I love that everywhere has it's own way of saying things. Sometimes it causes the odd problem though which we don't expect. Once in New York my wife asked for a chicken and basil sandwich at a deli. Thing is we say basil with the A said as in cat. So to get something to eat she had to change her pronunciation to "bayzil". As I say, here in Australia we are aware of the various other pronunciations around the English speaking world. But particularly in the US you are not aware of ours! I always have to repeat things in the US.

The UK has as many different pronunciations of words as the rest of the English speaking world. There is of course a huge shift in pronunciation from north to south, or actually across the line of the old Danelaw, where the Vikings influenced the language to the north while the French had more influence below the line. You can hear the Nordic vowels in the north.

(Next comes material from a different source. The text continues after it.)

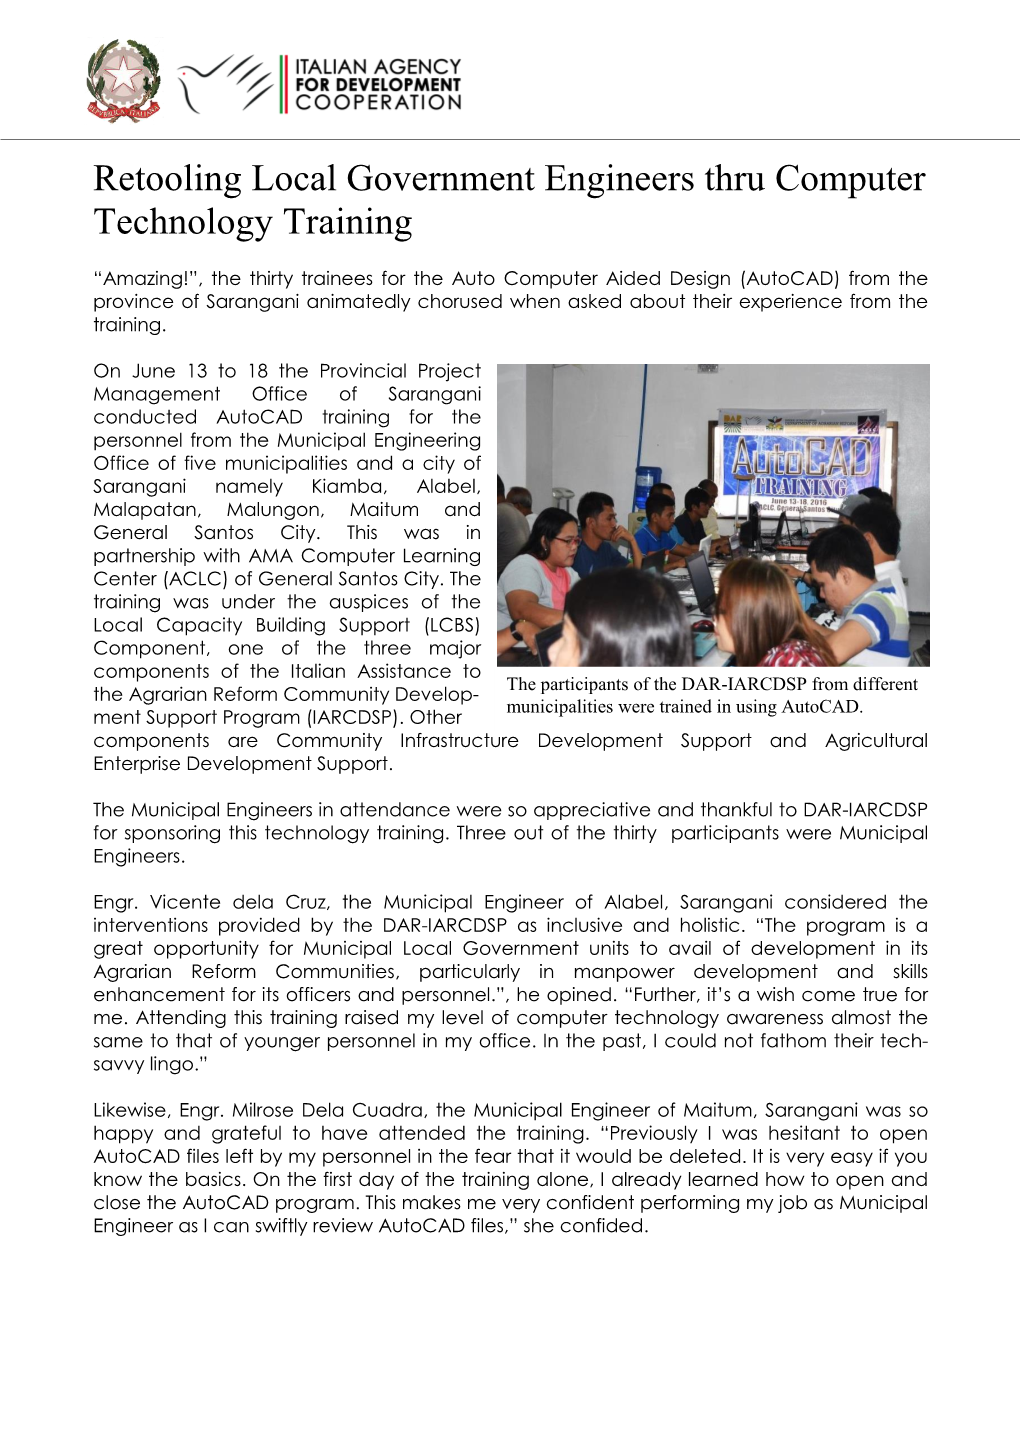 Retooling Local Government Engineers Thru Computer Technology Training

If you're interested in just how far English can be tortured, have a listen to a black country accent, AKA Wolverhampton. It sounds to me like Brummy on steroids (Brummy is the way people from Birmingham in the UK speak). It's crazy!


If you really want to hear the English language slaughtered, just come to Indiana.

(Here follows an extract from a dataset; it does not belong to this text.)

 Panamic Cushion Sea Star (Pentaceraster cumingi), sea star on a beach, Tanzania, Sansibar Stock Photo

For 15 years, I was on the US endorser’s roster of Sonor drums. They’re made in Germany, for them whut ain’t aware (or don’t particularly care.)

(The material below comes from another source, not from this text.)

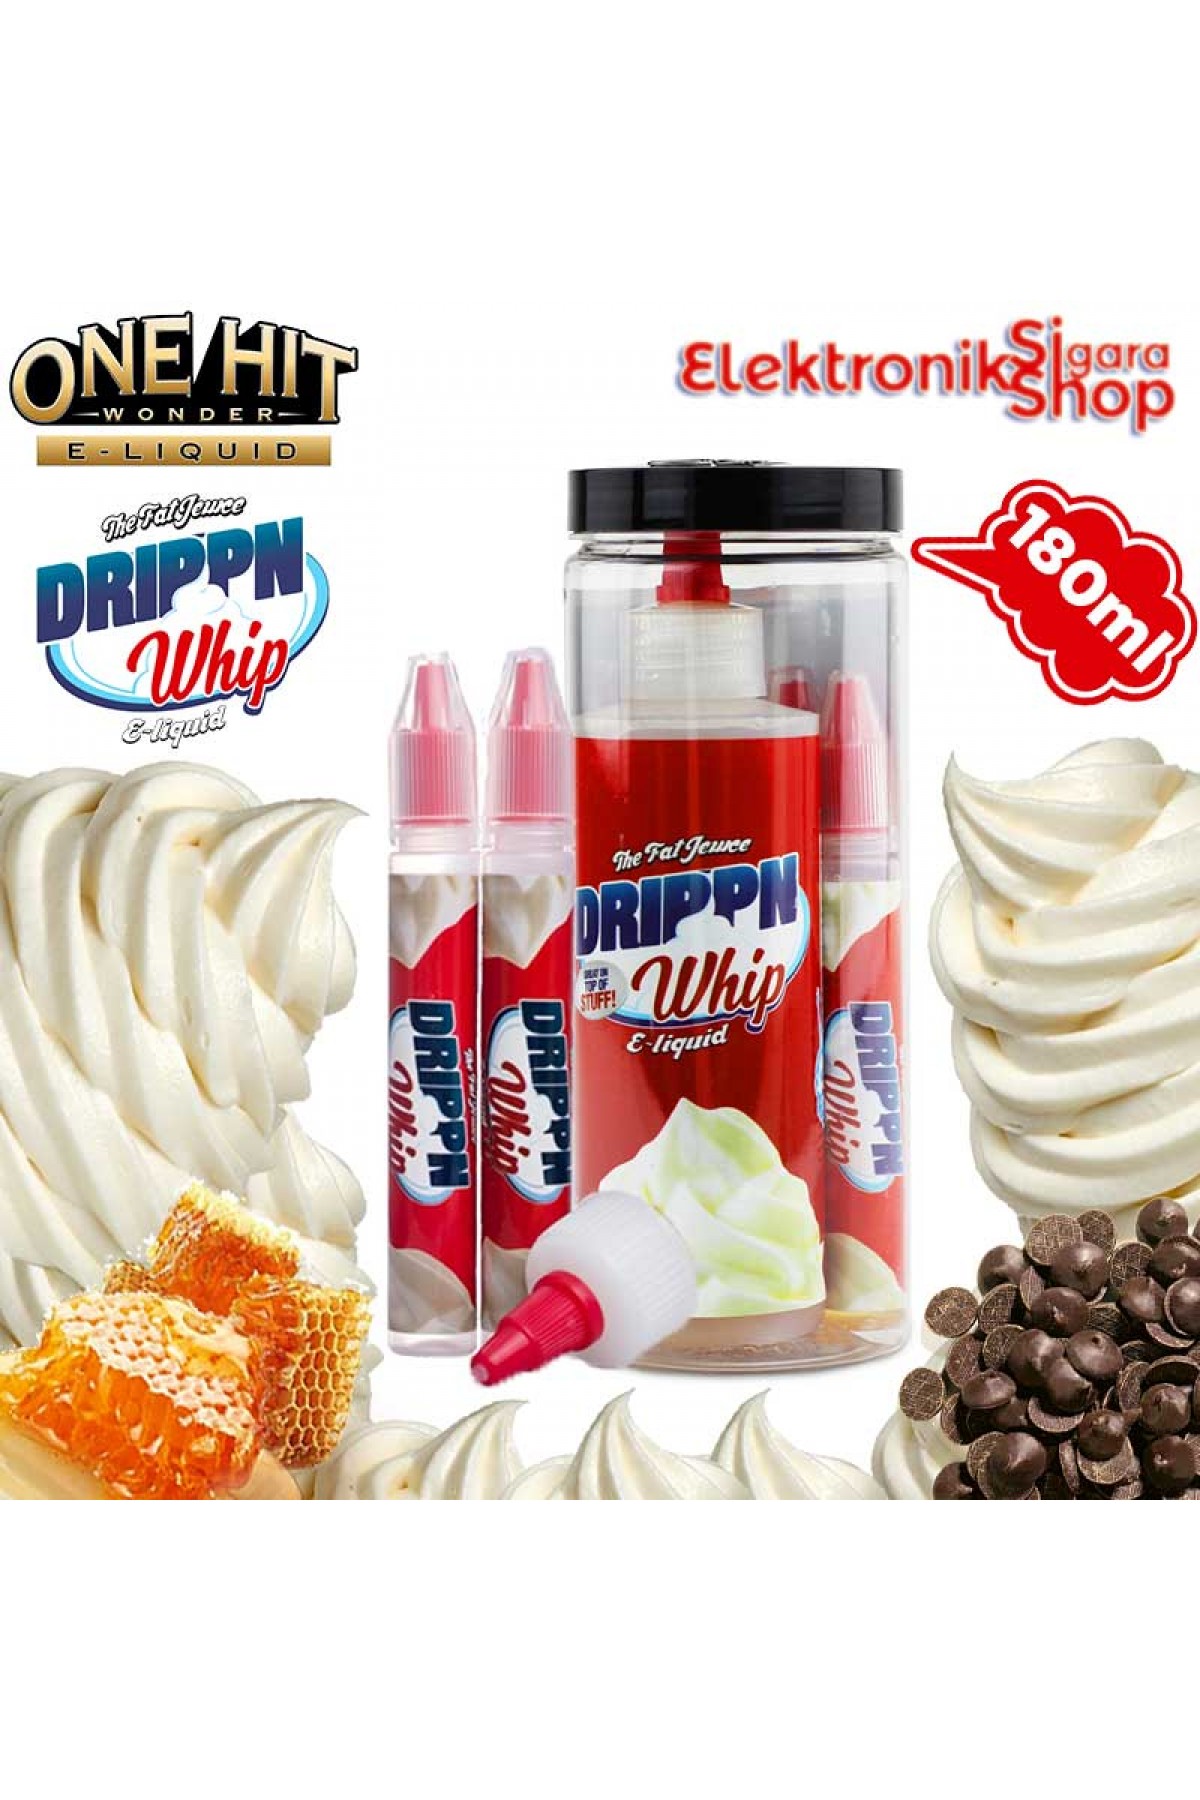 One Hit Wonder Drippin Whip Premium Elektronik Sigara Likiti (180ml)

“Sonor” is German for, “sound”. The German pronunciation is, “so-NOR”. In all my time since I’ve been aware of the Sonor company’s existence, very rarely have I ever heard it pronounced correctly, including never by me. Even other endorsers (in the US, anyway) that I’ve spoken with have either called them, “SO-ner”, like I do, or almost as commonly, “Sonar”. The only time I’ve ever heard their name pronounced correctly by drummers was in Germany.


If you really want to hear the English language slaughtered, just come to Indiana.

– wabash slim

Ha ha... and if you want to hear English AND French slaughtered, spend some time in New Orleans.

We also do a pretty good job of butchering Spanish words here in Austin. Often on purpose, I suspect.